Zhang Ning
IEEE Trans Neural Netw Learn Syst. 2023 Apr;34(4):1754-1763. doi: 10.1109/TNNLS.2020.2990746. Epub 2023 Apr 4.
Symbolic music generation is still an unsettled problem facing several challenges. The complete music score is a quite long note sequence, which consists of multiple tracks with recurring elements and their variants at various levels. The transformer model, benefiting from its self-attention has shown advantages in modeling long sequences. There have been some attempts at applying the transformer-based model to music generation. However, previous works train the model using the same strategy as the text generation task, despite the obvious differences between the pattern of texts and musics. These models cannot consistently produce music samples of high quality. In this article, we propose a novel adversarial transformer to generate transformer to generate music pieces with high musicality. The generative adversarial learning and the self-attention networks are combined creatively. The generation of long sequence is guided by the adversarial objectives, which provides a strong regularization to enforce the transformer to focus on learning of the global and local structures. Instead of adopting the time-consuming Monte Carlo (MC) search method that is commonly used in the existing sequence generative models, we propose an effective and convenient method to compute the reward for each generated step (REGS) for the long sequence. The discriminator is trained to optimize the elaborately designed global and local loss objective functions simultaneously, which enables the discriminator to give reliable REGS for the generator. The adversarial objective combined with the teacher forcing objective is used to guide the training of the generator. The proposed model can be used to generate single-track or multitrack music pieces. Experiments show that our model can generate long music pieces with the improved quality compared with the original music transformers.
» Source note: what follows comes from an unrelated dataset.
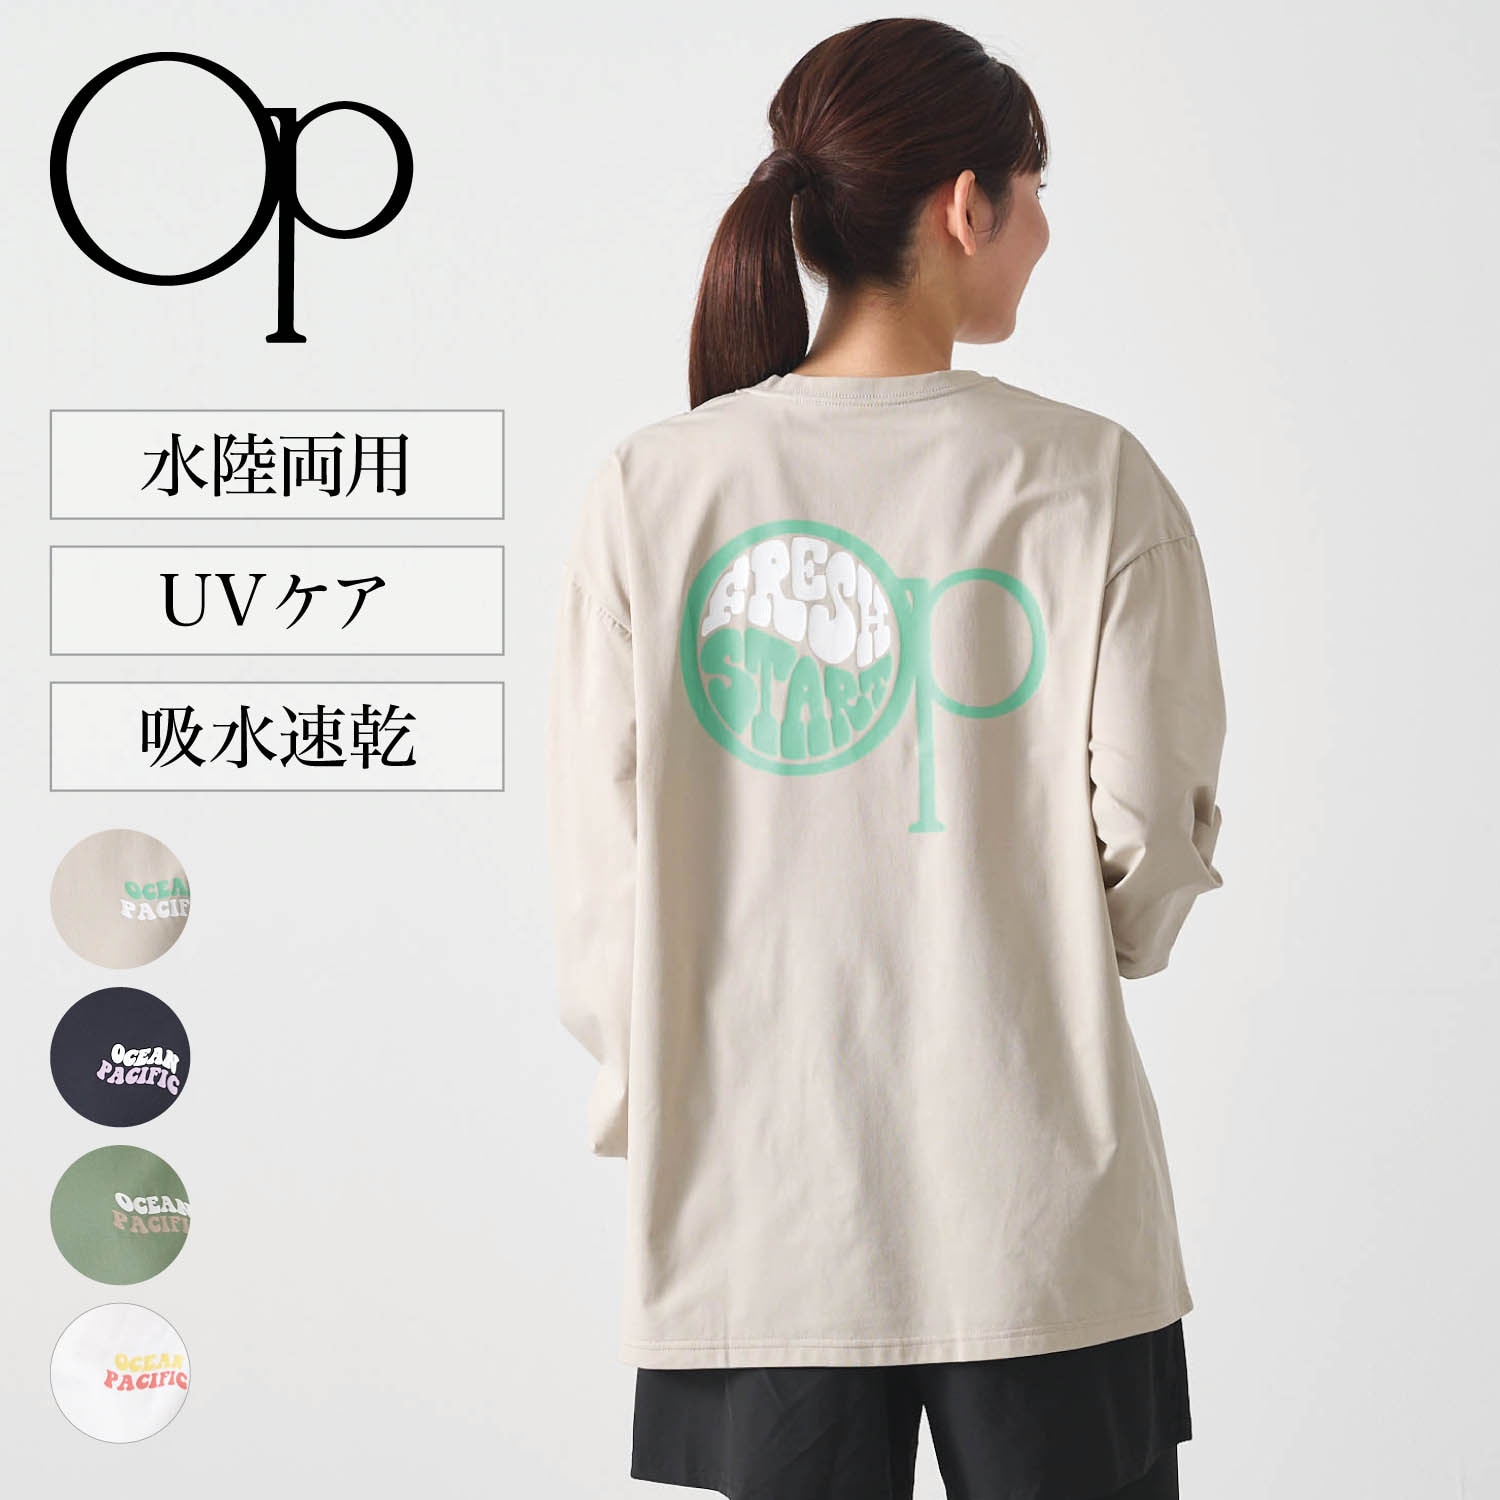 【オーシャンパシフィック/OCEAN PACIFIC】水陸両用長袖ラッシュTシャツ
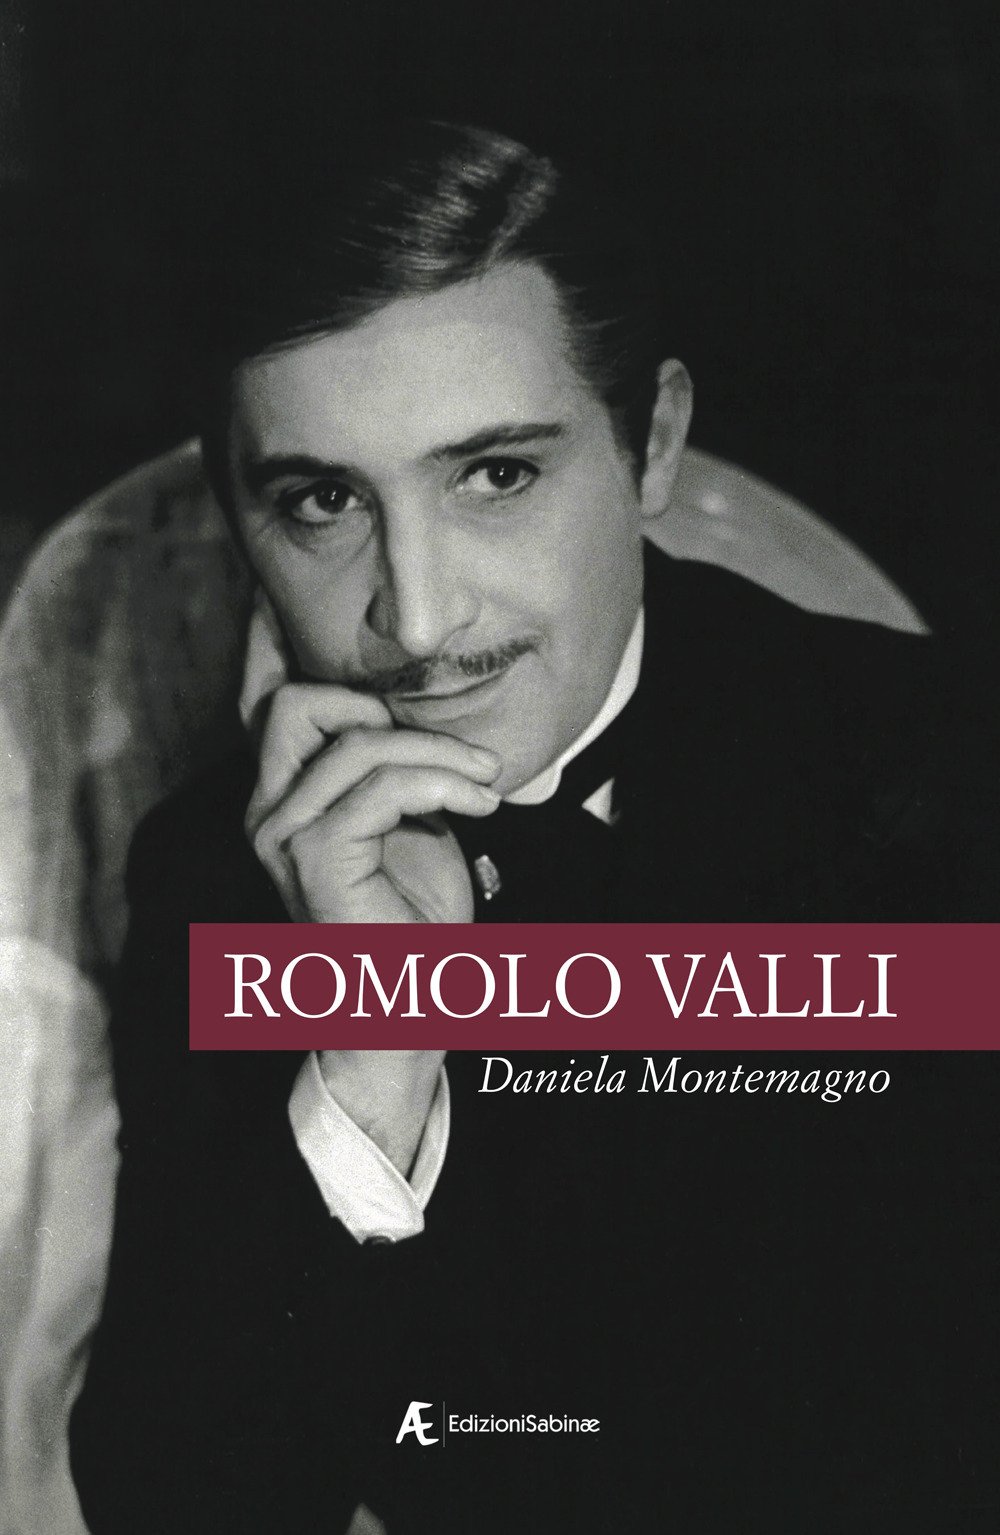 Libri Montemagno Daniela - Romolo Valli NUOVO SIGILLATO, EDIZIONE DEL 21/09/2020 SUBITO DISPONIBILE

符号音乐生成仍然是一个尚未解决的问题,面临着诸多挑战。完整的音乐乐谱是一个相当长的音符序列,它由多个音轨组成,这些音轨在各个层面都包含重复的元素及其变体。变压器模型由于其自注意力机制,在对长序列进行建模时展现出了优势。已经有一些将基于变压器的模型应用于音乐生成的尝试。然而,尽管文本和音乐的模式存在明显差异,但先前的工作使用与文本生成任务相同的策略来训练模型。这些模型无法持续生成高质量的音乐样本。在本文中,我们提出了一种新颖的对抗性变压器来生成具有高音乐性的音乐作品。我们创造性地将生成对抗学习和自注意力网络结合起来。长序列的生成由对抗目标引导,这提供了强大的正则化,促使变压器专注于学习全局和局部结构。我们没有采用现有序列生成模型中常用的耗时的蒙特卡罗(MC)搜索方法,而是提出了一种有效且便捷的方法来计算长序列中每个生成步骤的奖励(REGS)。鉴别器经过训练,可同时优化精心设计的全局和局部损失目标函数,这使得鉴别器能够为生成器给出可靠的REGS。对抗目标与教师强制目标相结合,用于指导生成器的训练。所提出的模型可用于生成单轨或多轨音乐作品。实验表明,与原始的音乐变压器相比,我们的模型能够生成质量更高的长音乐作品。